| Task prompt |
Give back the whole listing word for word and skip each picture.
:: Supplied data
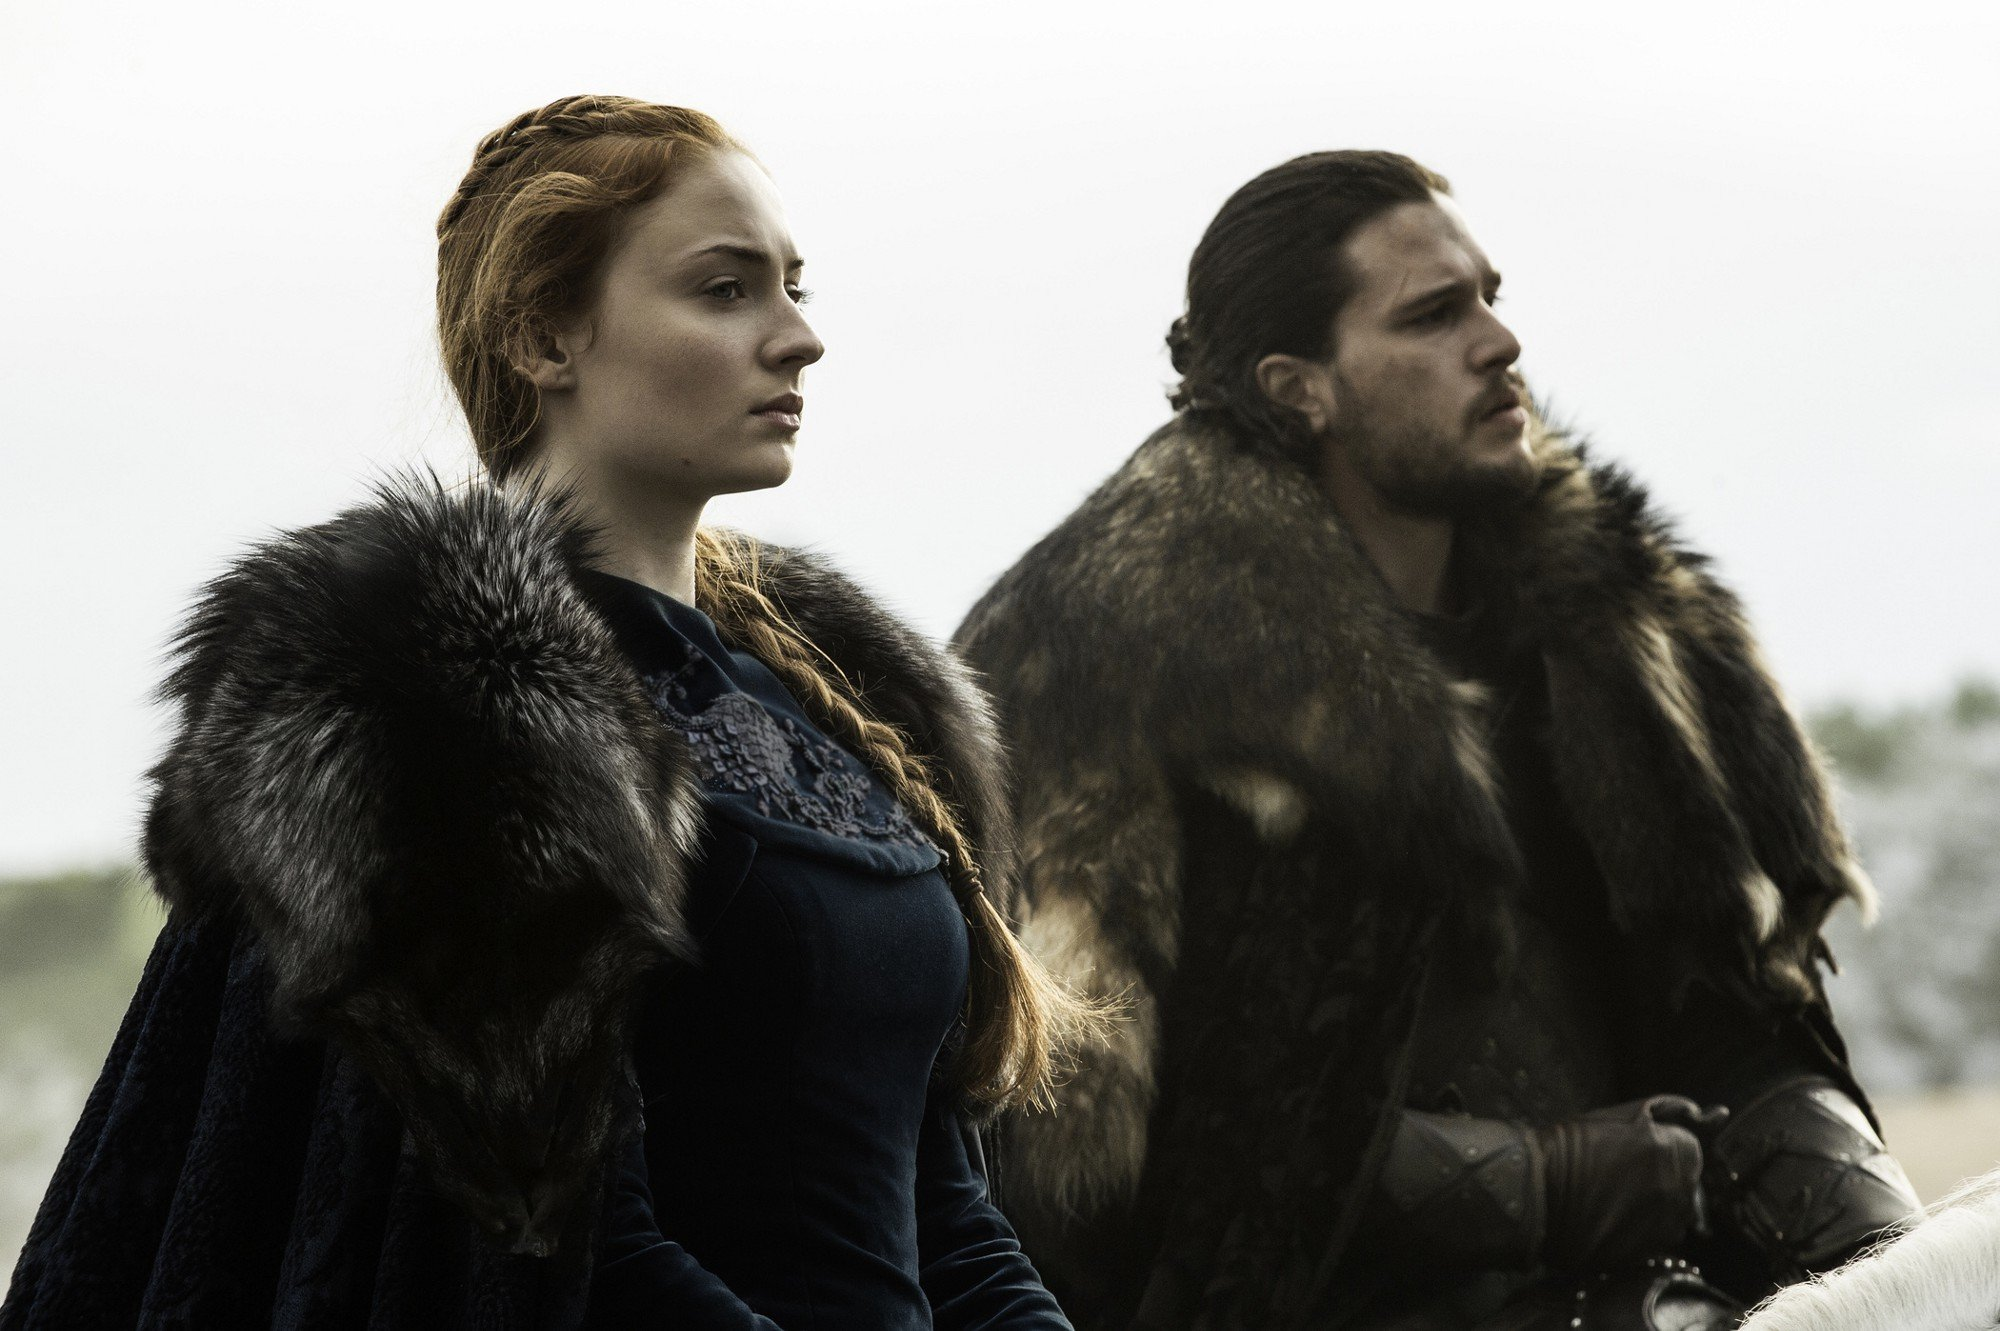 Game of Thrones Sansa Stark Sophie Turner Jon Snow Kit Harington
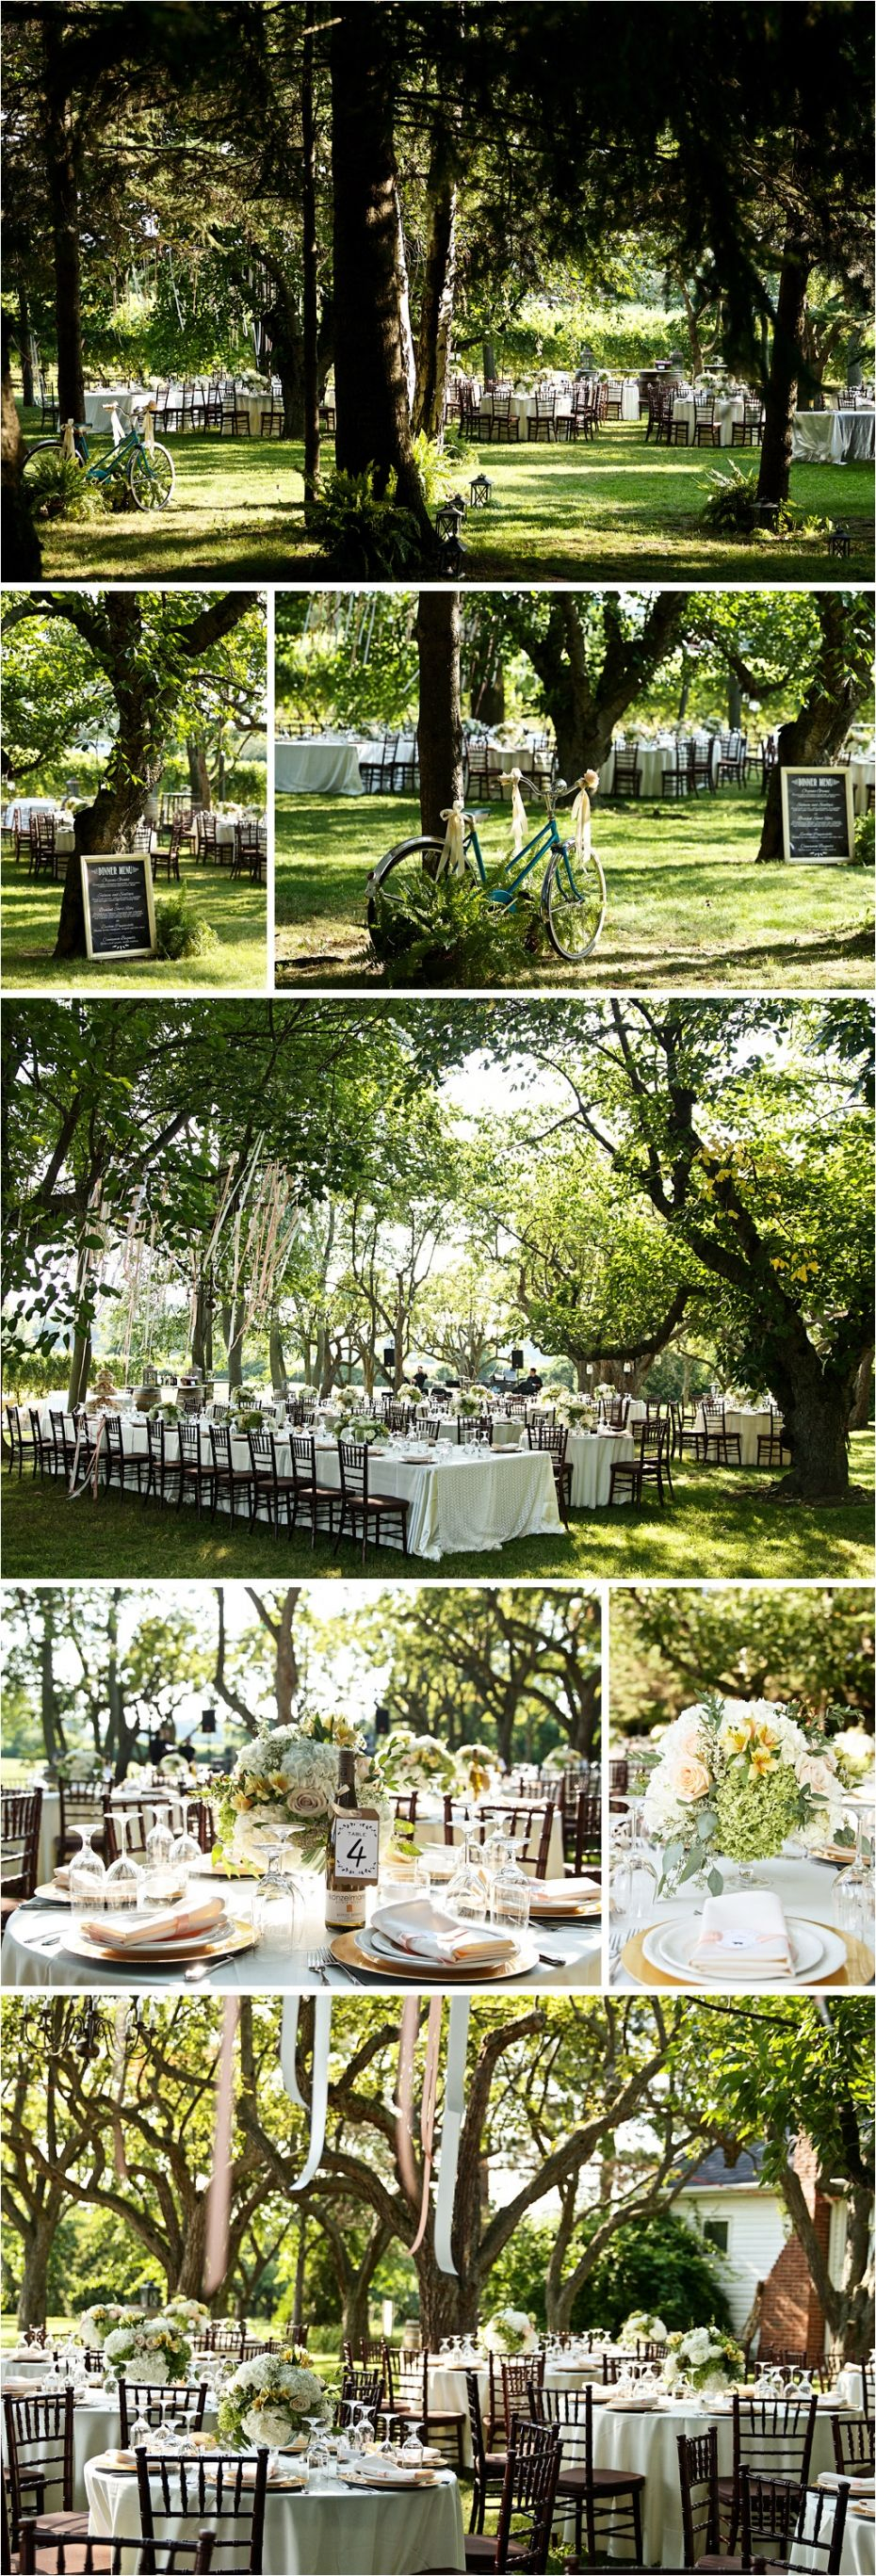 Chelsea And Adam Wedding At Kurtz Orchards Gracewood Estates Niagara On The Lake Fa Wedding Venues Ontario Wedding Venues Toronto Outdoor Wedding Venues
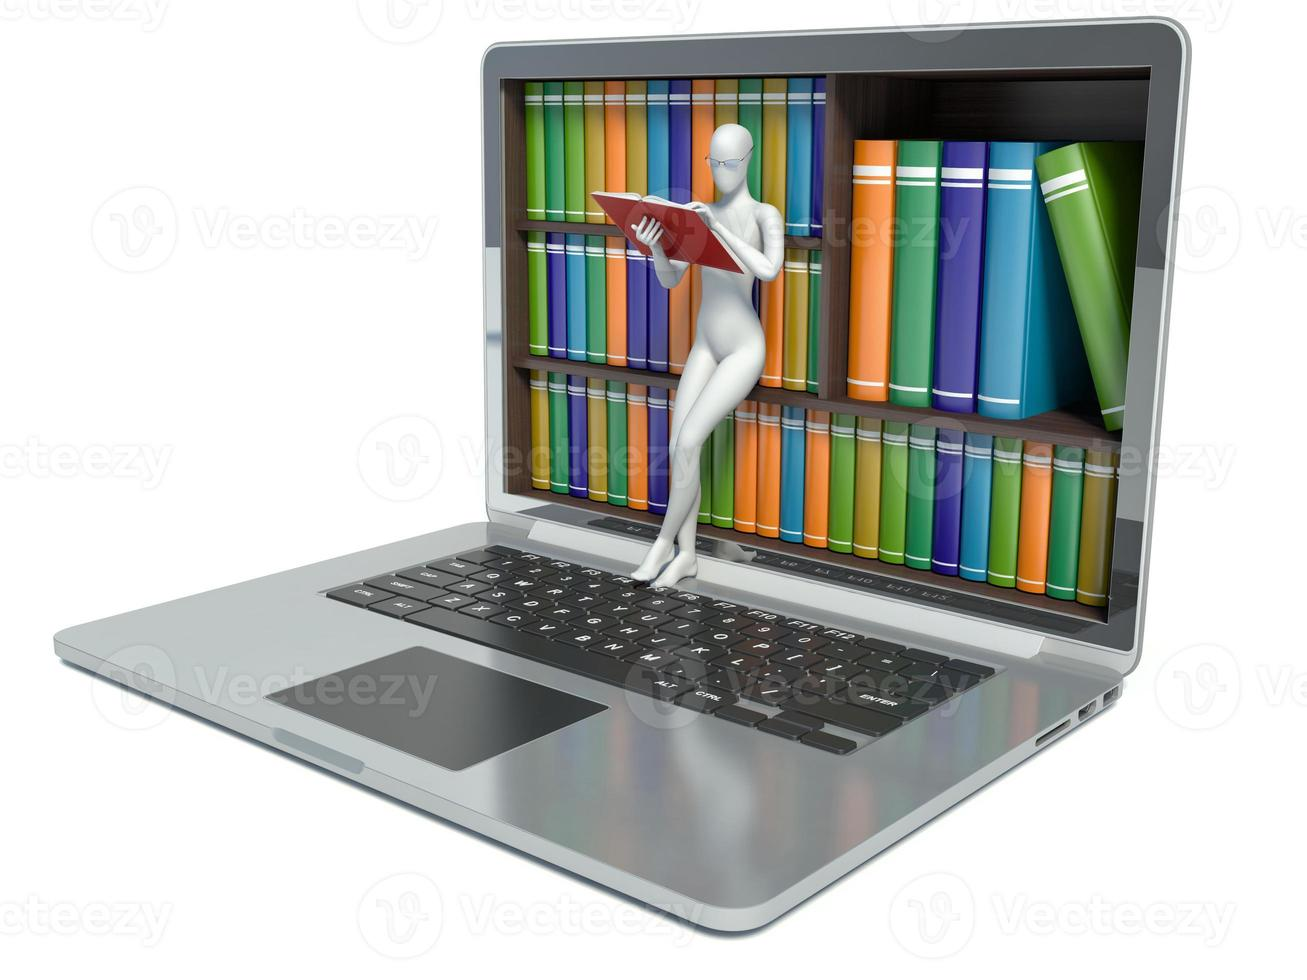 Vita människor 3d. ny teknik. digitalt bibliotek koncept. LAPT foto
::::
| Response area |
 Game of Thrones Sansa Stark Sophie Turner Jon Snow Kit Harington
 Chelsea And Adam Wedding At Kurtz Orchards Gracewood Estates Niagara On The Lake Fa Wedding Venues Ontario Wedding Venues Toronto Outdoor Wedding Venues
 Vita människor 3d. ny teknik. digitalt bibliotek koncept. LAPT foto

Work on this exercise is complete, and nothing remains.